For example, Chinese (Han) do not recognized the minority nationalities within the present border of China as “nations”, but refer to them by terms such as zhongzu (race) or zongzu (clan or branch), and use categories such as “Chinese” (Zhongguo ren), in which they include many ethnic groups –all of which they include within the “Chinese nation” (Zhonghua minzu). The term minzu does not have a “political”. connotation, but only a “cultural” one and this is recognized by the present regime in Chine as autonomous regions inhabited by non-Han Chinese (Jagchid 1979:234-36). The People’s Republic of China (PRC) regard itself unified multi-ethnic country. This policy denies the national identity of minority nationalities and regards them as simple “ethnic groups” or “national minorities” within the Chinese State. Thus, the only relevant aspect of the nationalities question in the eye of the Chinese government is relations between the different “Chinese nationalities.”
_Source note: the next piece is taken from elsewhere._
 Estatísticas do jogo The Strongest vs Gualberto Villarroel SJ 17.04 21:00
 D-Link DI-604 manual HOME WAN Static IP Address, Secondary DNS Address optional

Unlike the Soviet Union that granted “republic” status to larger national group (which these republics used as the basis for independence during the disintegration of the USSR), the PRC only recognizes the “cultural independence” of the various minority nationalities within autonomous regions directly under the central government. This artificial separation of political and ethnic/cultural domains has bedeviled the Chinese communist regime and will continue to do so as the non-Chinese population of China seeks to reconcile their sense of “nation” with independent territorial states. Unlike the Soviet Union that, at least in principle, recognized the right of self-determination, the People’s Republic of China has never, since it was established, recognized the aspirations for national independence or the right of secession of the non-Chinese nationalities currently under the control of Beijing. Beijing has shown no patience with such movements, as was clearly proved in Tibet, Inner Mongolia and Xinjiang in recent years (Crackdown 1991; Straits Time July 10, 1990). This same policy continues today, but since September 11, 2001, it is carried out under the guise of global war on “terrorism.”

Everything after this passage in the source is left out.